Once on set, however, Lewis realized he had to be much more restrained. The result is a performance of steely, banked-down intensity where one look conveys more than an entire page of dialogue. He says that, paradoxically, he learnt a lot from what Winters did not tell him.

“During the filming, I spoke to Winters constantly on the phone. But he’s not given to revealing himself. It was quite difficult to unlock him – but that was instructive, because how little he chose to reveal was illuminating about how to play him. As with any enigmatic hero, the acting challenge is: how do you make stillness, economy with words and the tiniest emotional shifts interesting? Playing Winters, your parameters are limited. You aren’t going to see him laughing maniacally or crying hysterically. His emotional band is so narrow – it’s all short-wave.”

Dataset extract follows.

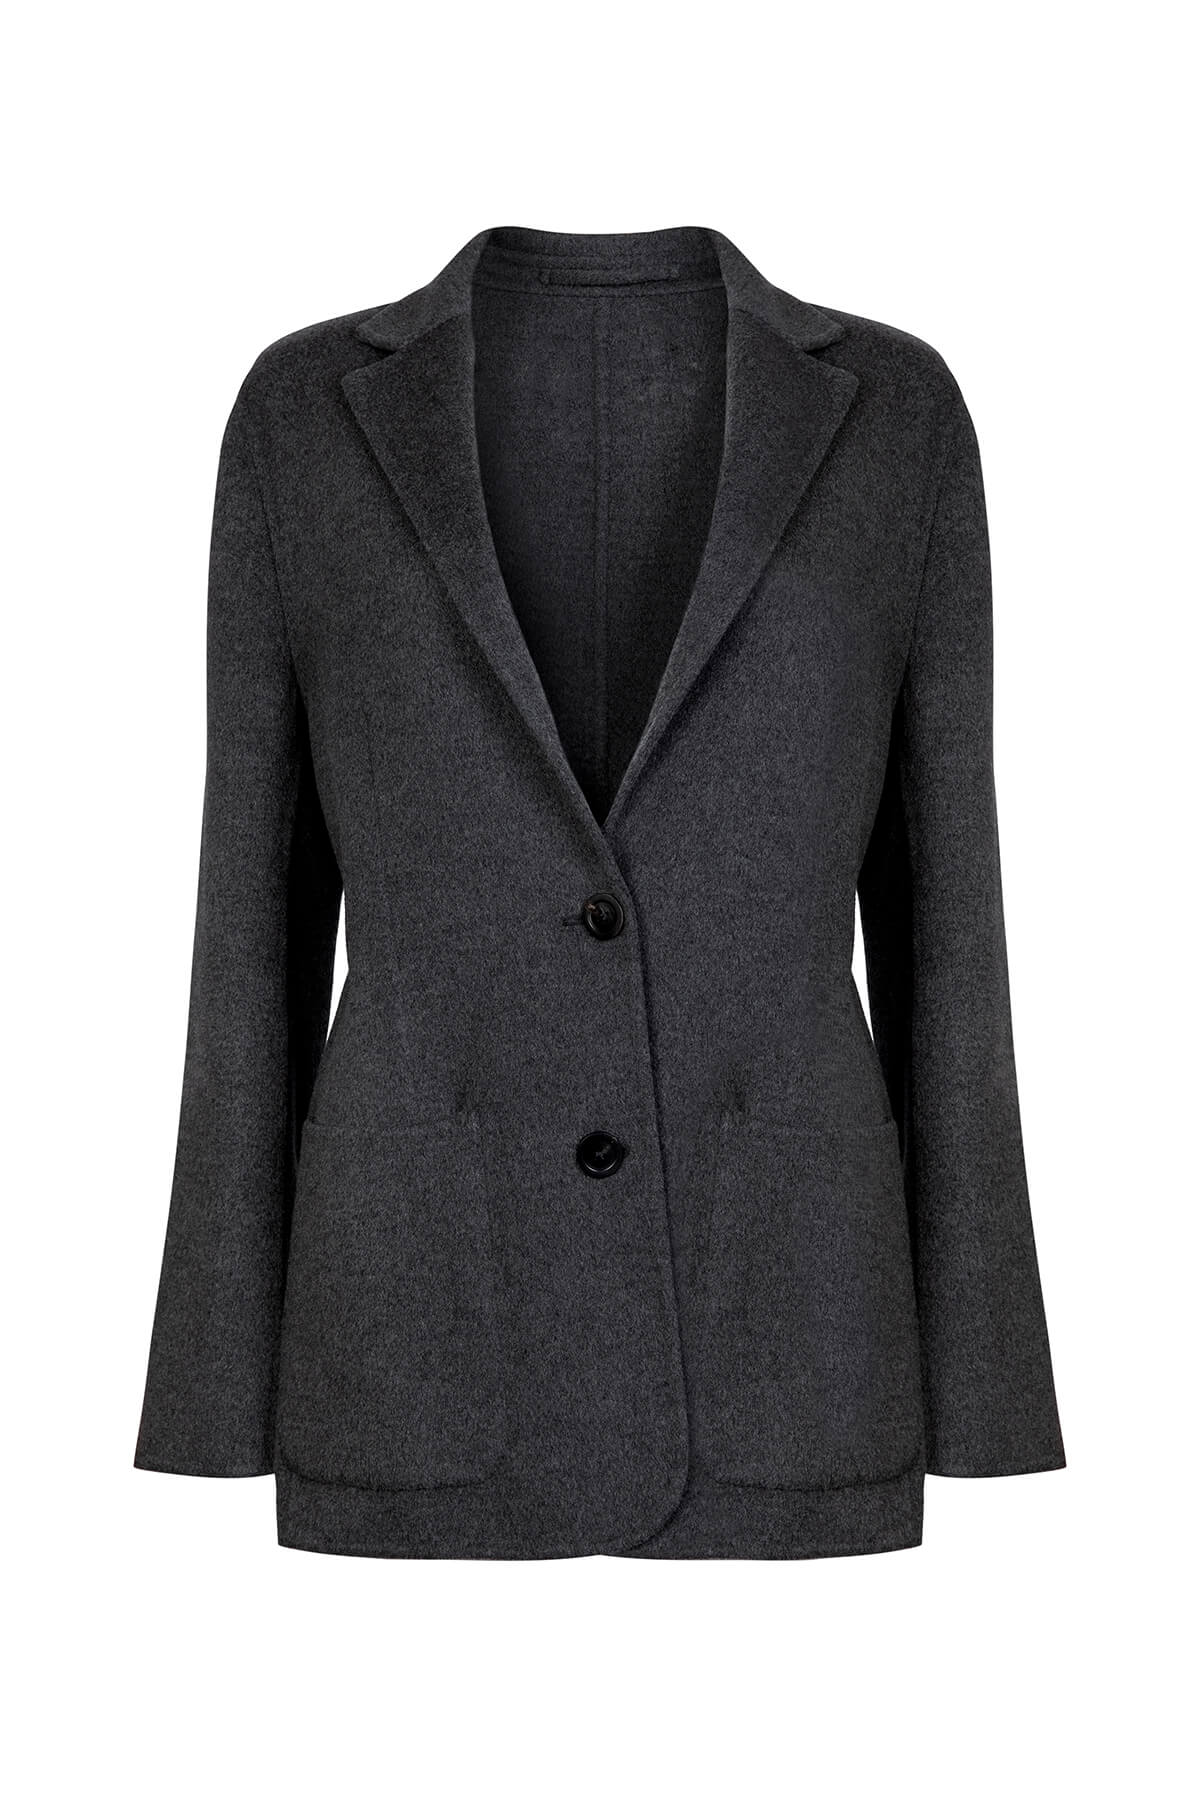 Johnstons of Elgin Women's Cashmere Double Face Boyfriend Jacket in Charcoal on a white background TA000518RU6081

After a while depicting this emotional reserve, Lewis was forced to remind himself “that you have been cast because the producers have seen something interesting in your eyes. But you still have to remain disciplined. If you seem inscrutable, then when the briefest hint of sadness flickers in you eye, it registers hugely. “I concentrated on being watchful and listening. That’s what makes Robert De Niro so fascinating as an actor. You really feel he is listening to the other actor. It was hard because in real life I’m bad at listening – I’m much better at talking! Of course, there were times as Winters when I was dying to burst out. I was thinking, ‘I need histrionics here – can I tap dance?’ But the skill comes in knowing when the tap dance is needed, and with Winters there is no tap dance.”

For all that, Lewis’s magnetic performance looks set to launch him into the Hollywood big time. He has certainly caught the eye of Hanks, who was greatly taken by his fellow actor’s sheer presence on screen, Hanks recollects that during the auditions, “We were looking for an enigmatic leader, a guy you can’t explain, but who explains himself by his mere presence. And in that case, you’re looking for something chromosomal. You’re looking for someone with a certain air about him that comes across even before he opens his mouth, and Damian had that without question. As soon as he sat down, we knew.”

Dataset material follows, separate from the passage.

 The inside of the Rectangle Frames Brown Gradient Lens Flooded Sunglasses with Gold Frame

Winters has nothing but praise for Band of Brothers, which is effectively a ten-hour account of his company’s war. “It catches it all very accurately,” he confirms. “The script is based on the book by Stephen E. Ambrose, and I have the greatest respect for him because he is painstaking in his research.

“He went over and over every fact, so the final version of his book is one hundred per cent accurate. He spent a week with me taking down my story, and afterwards he would ring me up all the time, asking, ‘Have I got this bit right?’ He was absolutely adamant about accuracy.

“In the same way, the drama is very fair. I can’t see anything wrong with it. The general feeling among the veterans is that it is a good effort. It really has done justice to the soldiers.”

Even so, watching Band of Brothers is a poignant experience for Winters. The drama can only bring back memories of colleagues long departed, and he is obviously moved by seeing it for the first time at the premiere.

He concludes with a look of deep sadness in his eyes: “There is not a day goes by when I do not think about the men who did not get to enjoy the world without war.”